My wife sent me this message through the Line app a couple days ago, and I translated it for you exactly as she wrote it.
“It feels like an abandoned inn, but it must have been a really high-end place originally. I mean, just look at that spacious Japanese-style room with the stunning ocean view and that hot spring. ♨️ Right now, the only staff member is a woman at the front desk (not sure if she’s the owner or a volunteer), and volunteers handle everything else, from caring for the cats to cleaning the guest rooms. There’s even someone who comes all the way from Wakayama for a week every month to volunteer. It seems like they’re keeping the place running by hosting guests, all to maintain a home for the cats. It really makes you marvel at the world… so much is going on, and it shows that humans can still do good for nature and wildlife. My heart is so full. It might be a bit run-down, but to get this spectacular view plus two meals and an overnight stay for less than 10,000 yen ($50-$60 US)… I tell you, for anyone who loves cats, the ocean, and hot springs, this place is truly one of a kind. ✨✨✨”
She stayed for a night at the Ebisu-do Onsen Hotel Shiroi Todai. It’s located in Tokushima Prefecture, on the island of Shikoku.
It’s obvious from her note that nobody running this place is trying to get rich. The mission is to take care of the cats, and hosting guests is how they pay for it. That kind of arrangement, a business that exists to fund something else entirely, is more common in Japan than most visitors realize, especially once you get away from the cities. The hard part isn’t believing places like this exist. It’s finding them.
So here’s where I’d start. Most places like Shiroi Todai don’t show up when you search in English, and they often don’t show up on the big international booking sites either, not because anyone’s hiding them, but because nobody on staff has the time or reason to build out an English listing for forty foreign guests a year. The fix is to stop searching by place name and start searching by what you’re actually hoping for. Try a prefecture name plus the thing you care about, in Japanese if you can manage it, even if you’re feeding it through a translator first. Onsen and cats. Onsen and ocean view. You’ll be surprised what surfaces once you stop looking for hotels and start looking for stories.
Another place to look is the local tourism association for whatever town or region has caught your eye. Almost every municipality in Japan, no matter how small, has one, usually called a “kanko kyokai” (tourist association), and they tend to know about the small, family-run, slightly worn-around-the-edges places that never make it onto the review sites.
In my wife’s case, she learned about this place from a Japanese YouTube channel she follows.
And be ready for the possibility that you can’t book it the way you’d book a hotel.
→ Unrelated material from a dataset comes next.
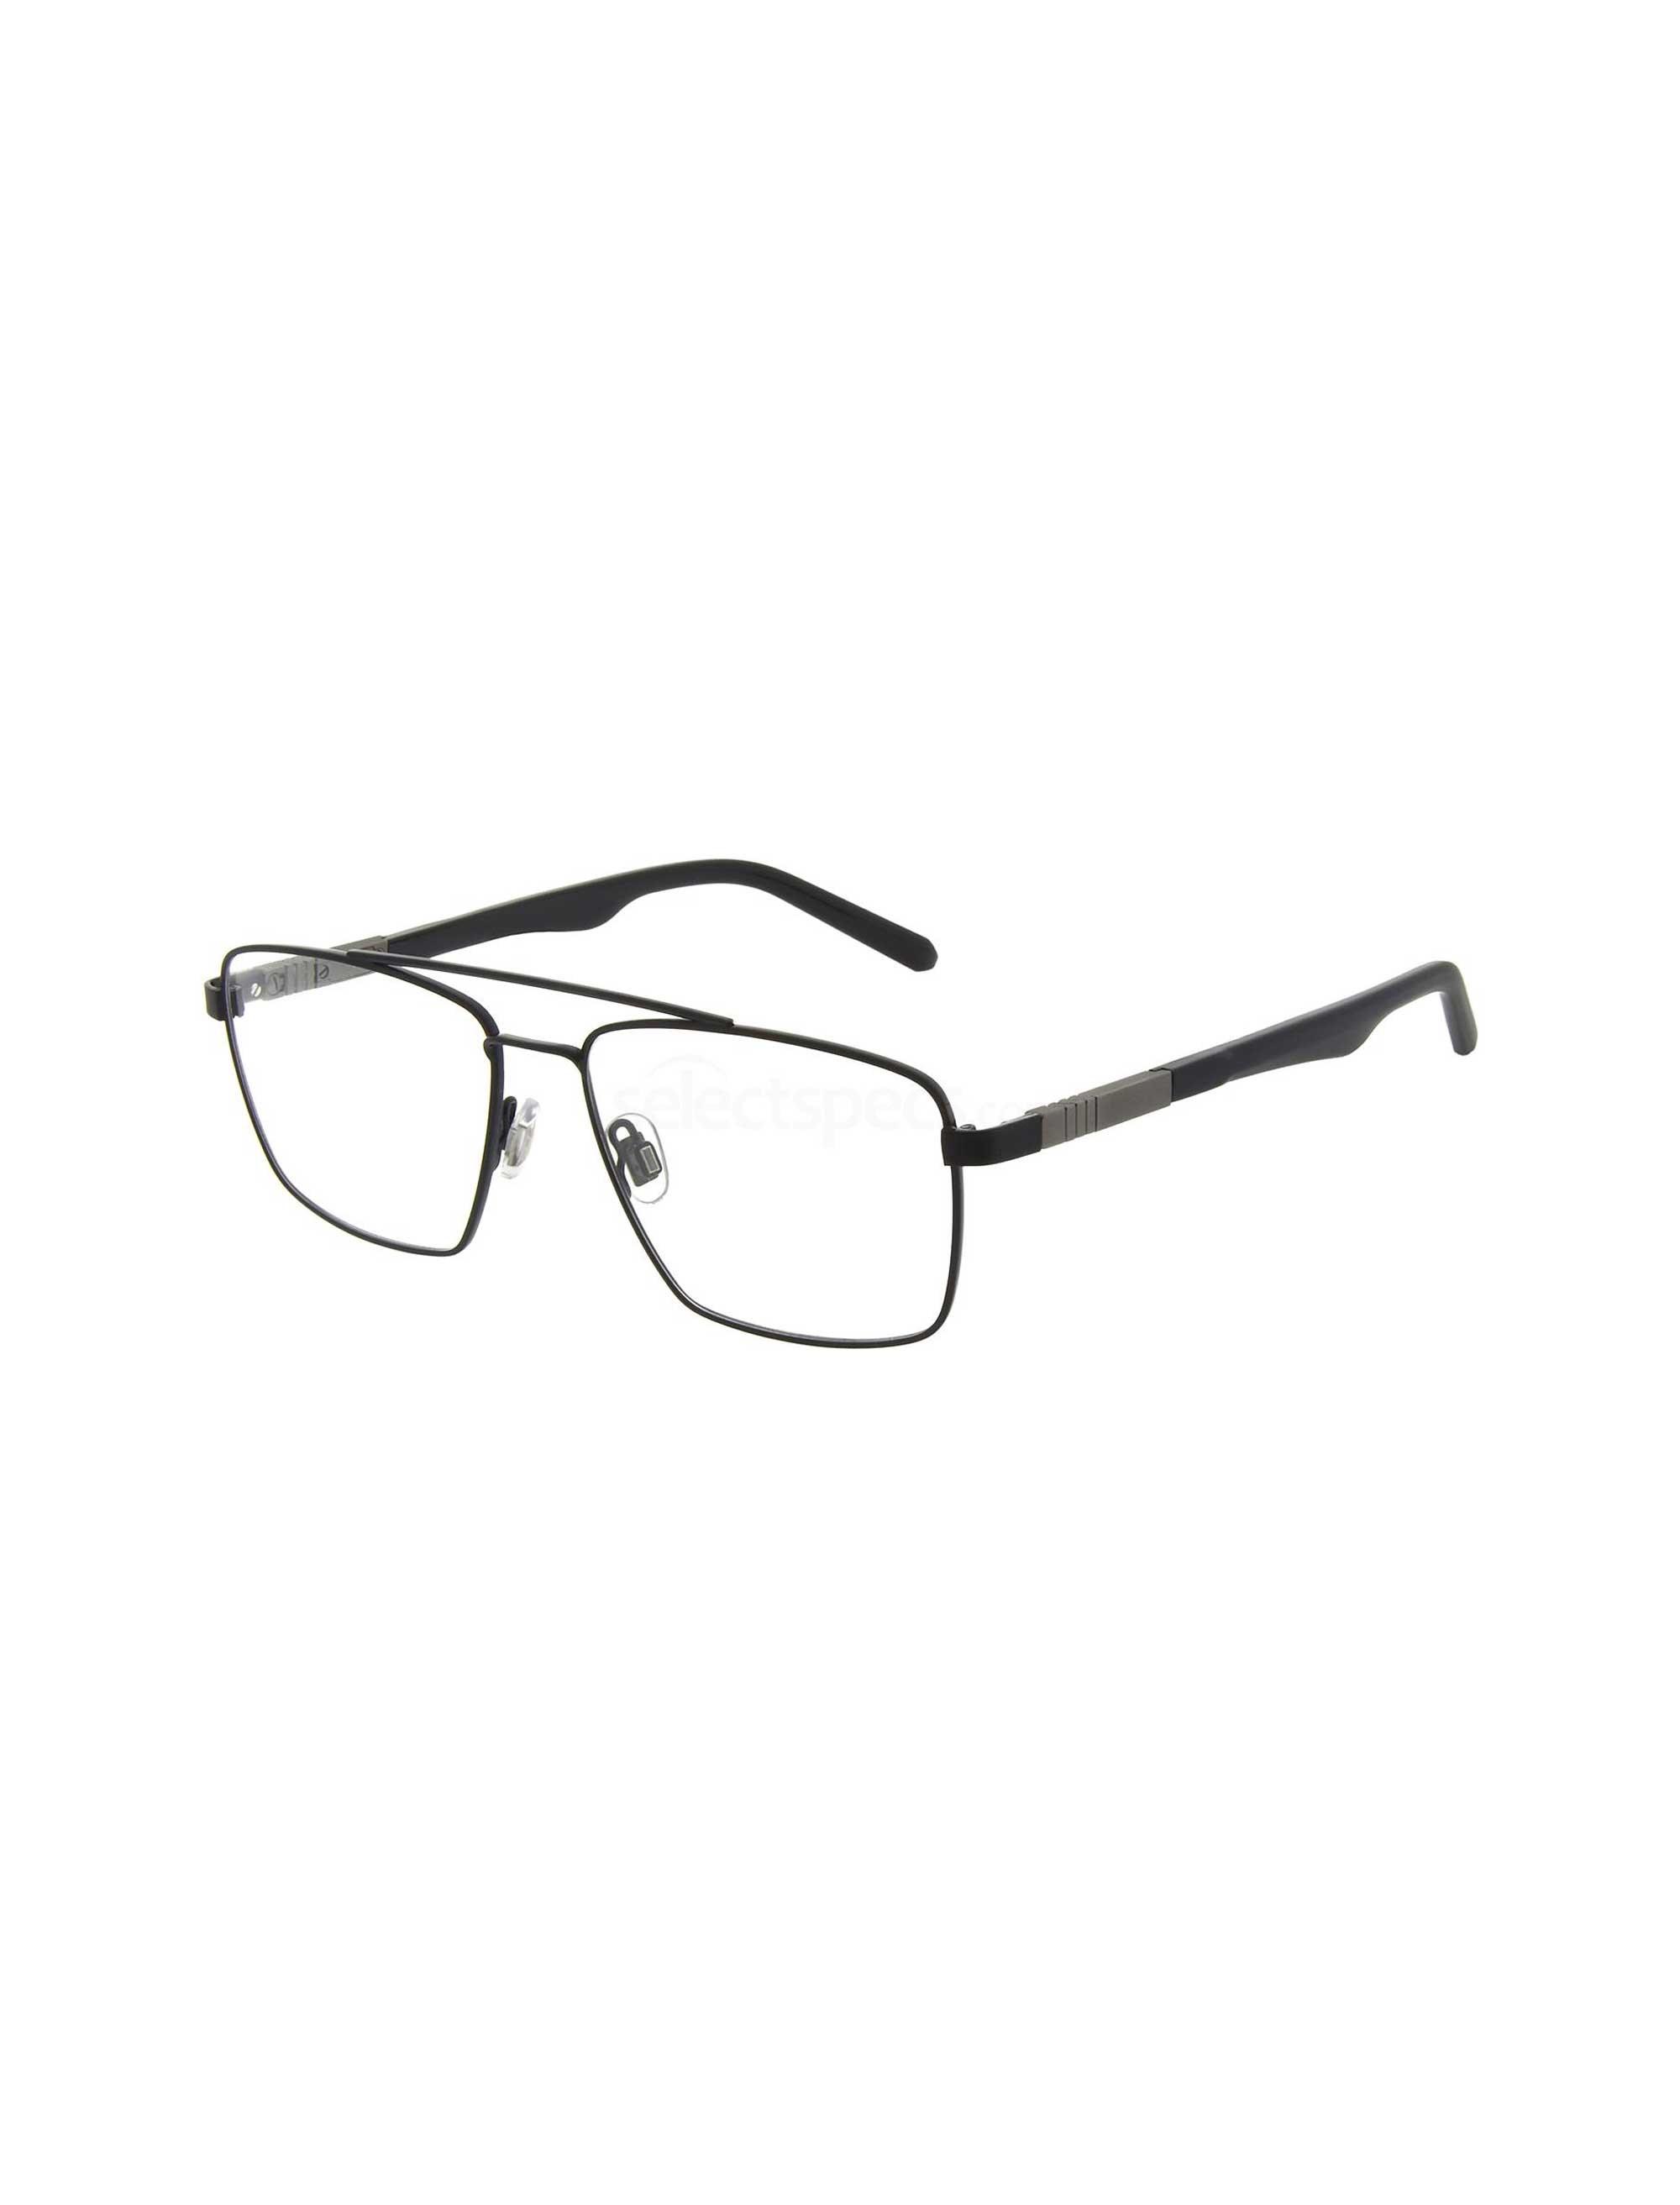 عکس عینک طبی مستطیلی مردانه - اسپاین
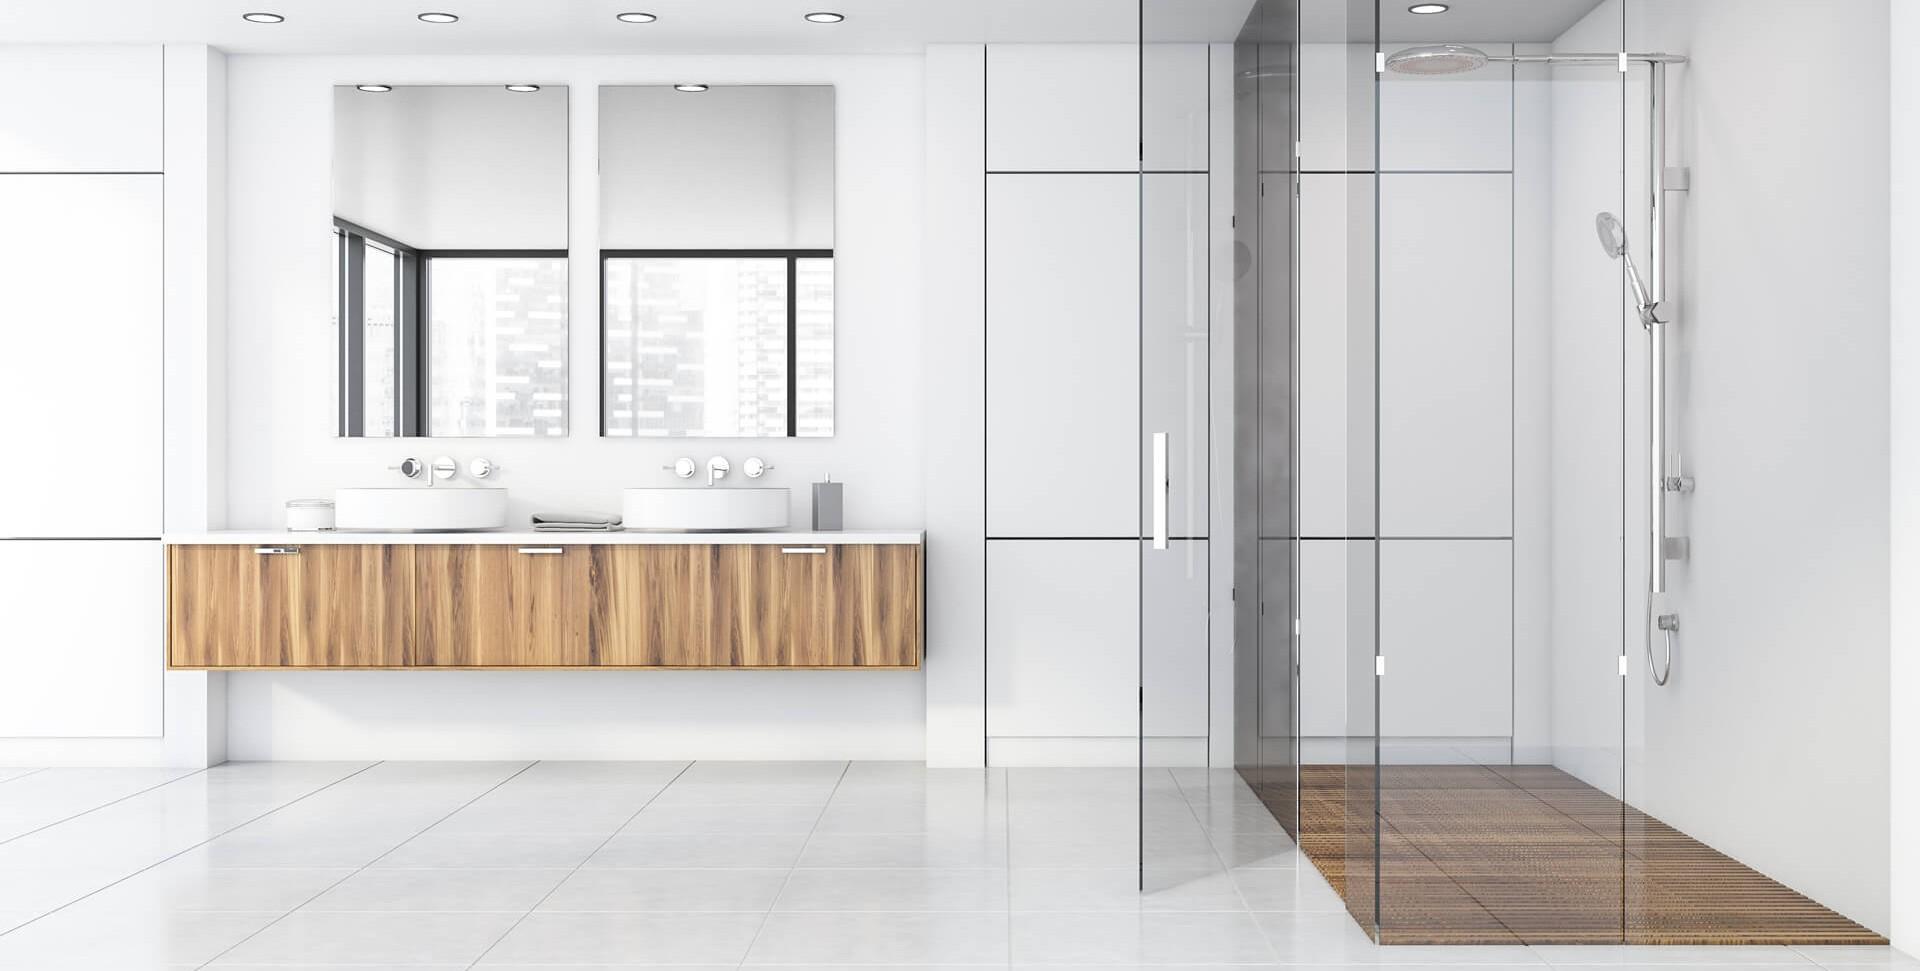 Full Size of Dusche Ebenerdig Bodengleiche Duschen Bei Glasprofi24 Kaufen Siphon Ebenerdige Hüppe Glasabtrennung Bodengleich Walk In Badewanne Mit Tür Und Begehbare Dusche Dusche Ebenerdig

A lot of these places take reservations by phone, sometimes only in Japanese, which sounds like a dealbreaker until you remember that a phone call is just a translation app away, or that your hotel’s front desk will often make the call for you if you ask. That extra step is part of why these places have stayed the way they are.
And pay attention to the price. When you hear dinner, breakfast, an overnight stay, and a hot spring with an ocean view came to less than 10,000 yen, that’s not a mistake. That’s what it costs when a place isn’t trying to make money. It’s trying to stay open.
This is the conviction I keep coming back to. Tokyo, Kyoto, and Osaka aren’t going anywhere, and I’m not telling you to skip them. But there’s another Japan running quietly outside of the Golden Route, funded by people who are doing this for reasons that have nothing to do with tourism. Sometimes it’s cats. Sometimes it’s an ocean view nobody’s marketing. Either way, it’s there, and it’s more reachable than it looks.